Women In Aviation International Opens 2026 Scholarship Program

Originally published at: Women in Aviation International Opens 2026 Scholarship Program - AVweb

More than $200,000 will be available.

Sounds discriminatory.

Discriminatory? Not even close.

WAI scholarships are open to all genders. You just need to be a member and support the mission of bringing more women into aviation. Simple.

Here’s why it still matters (FAA data, Dec 2024):

– Total women pilots: 91,694 → 10.8%

– Students: 15.9%

– Private: 8.9%

– Commercial: 10.0%

– ATP: 5.5%

– CFIs: 9.0%

– Drone pilots: 8.7%

Nobody’s getting left out, just more folks getting a fair shot. That’s what progress looks like.

How do they define “woman” ?

Maybe women just don’t want to be in aviation to satisfy your numbers game Raf. Did you ever think of that Raf?

You’re such a misandrist Raf…

Glad to hear the numbers of women pilots growing, however, student pilots are not truly pilots. Regardless of gender, large numbers of student pilots give up flying before earning their certificates. It is preferable to examine only the numbers of actual women pilots who are certified by the FAA.

WAI scholarships are open to all genders.

Yes, at least in theory. But a quick spot-check of their actual scholarship recipients suggests that ‘Y’ chromosomes had best stay home.


@BGanson

Fair enough, student pilots aren’t fully certified yet. But let’s not pretend they don’t count. They hold FAA-issued certificates. They may take ground school, get to solo, or complete on not their certification. They’re logging hours, making decisions, and building the foundation every certified pilot stands on.

The Student Pilot certificate is the official entry point into the pilot pipeline. No one skips it. Not the CFIs. Not the airline captains. Not the charter operators. Every one of them started as a student pilot.

They also fill the seats at flight schools, keep instructors flying, and keep the trade alive. Pull student pilots out of the equation and the system grinds down fast.

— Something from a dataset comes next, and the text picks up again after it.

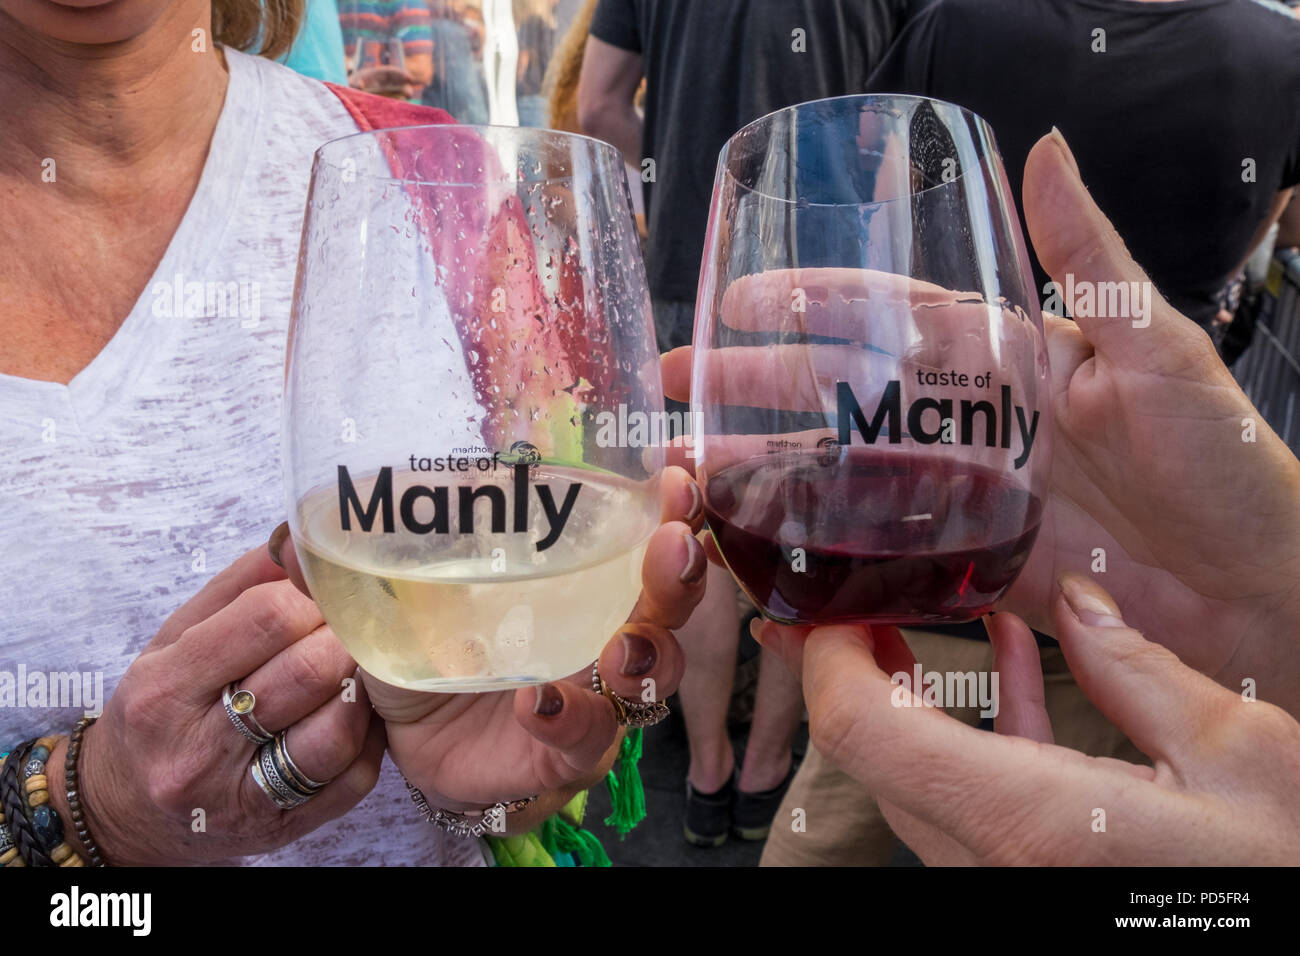 La nourriture, vin et Manly et durabilité Festival (goût de Manly), Plages du Nord, Sydney, NSW, Australie Banque D'Images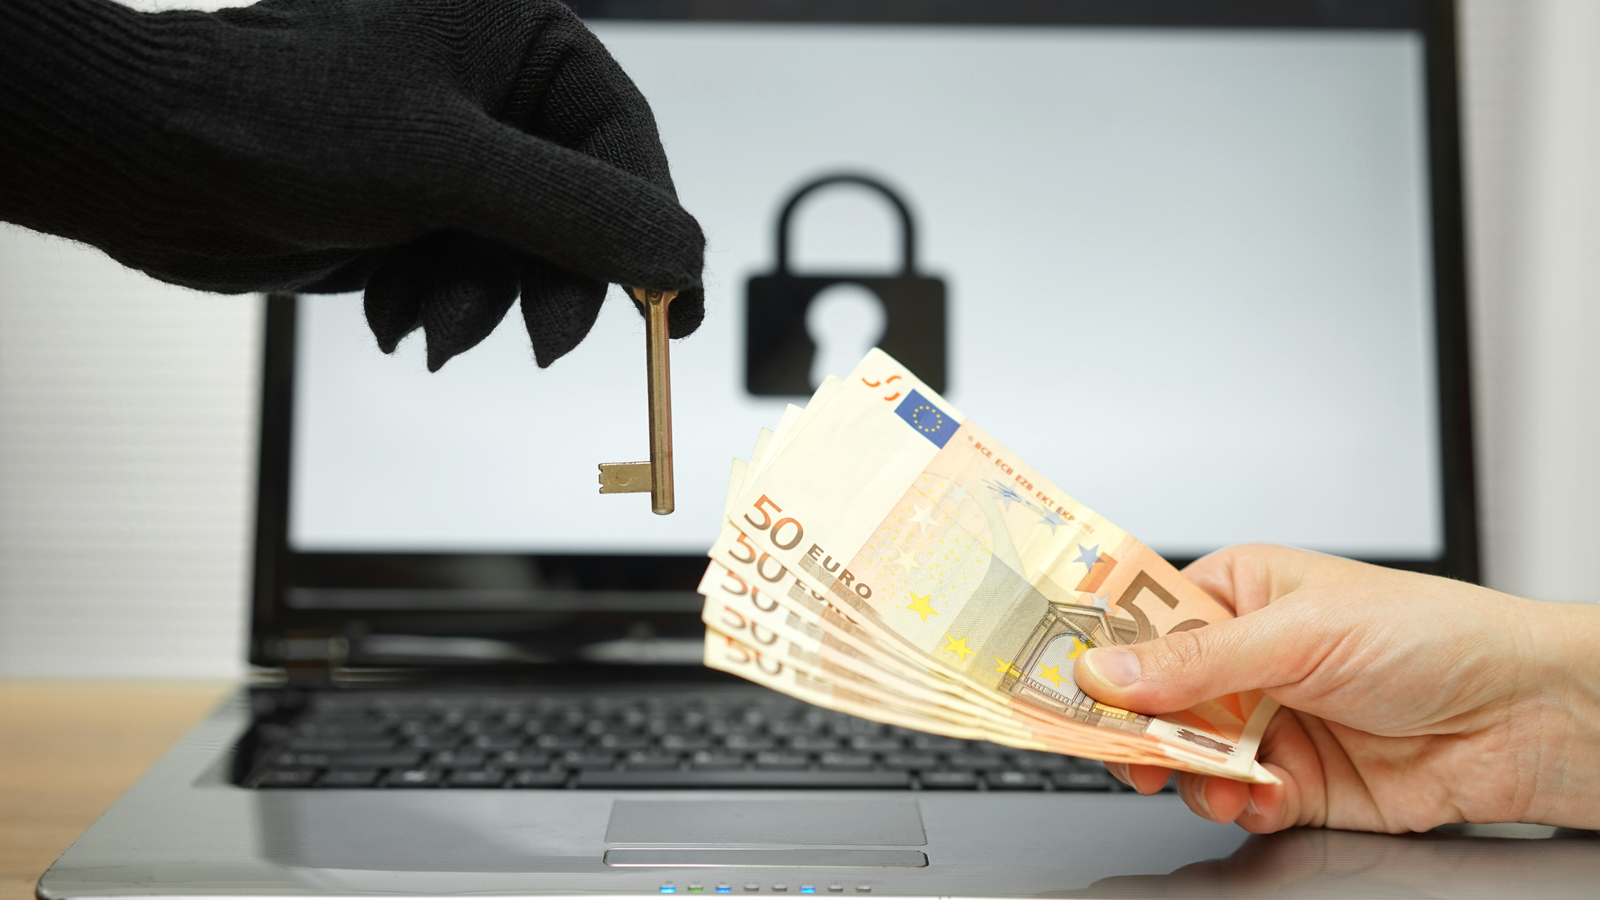 Une étude révèle que 78 % des victimes de ransomwares se font attaquer après avoir payé les hackers

Ask any CFI or FBO owner.

And let’s look at the bigger picture:
– In 2012, there were 26,854 women holding FAA pilot certificates
– By 2022, that number rose to 30,244 certified women pilots
ATP numbers nearly doubled from ~4,200 to over 8,200
Commercial and CFI numbers also jumped by 25–35%
That’s growth, not shrinkage—and it all started in the student ranks.

So yes, student pilot numbers matter, because they are the future, and right now, they’re trending in the right direction.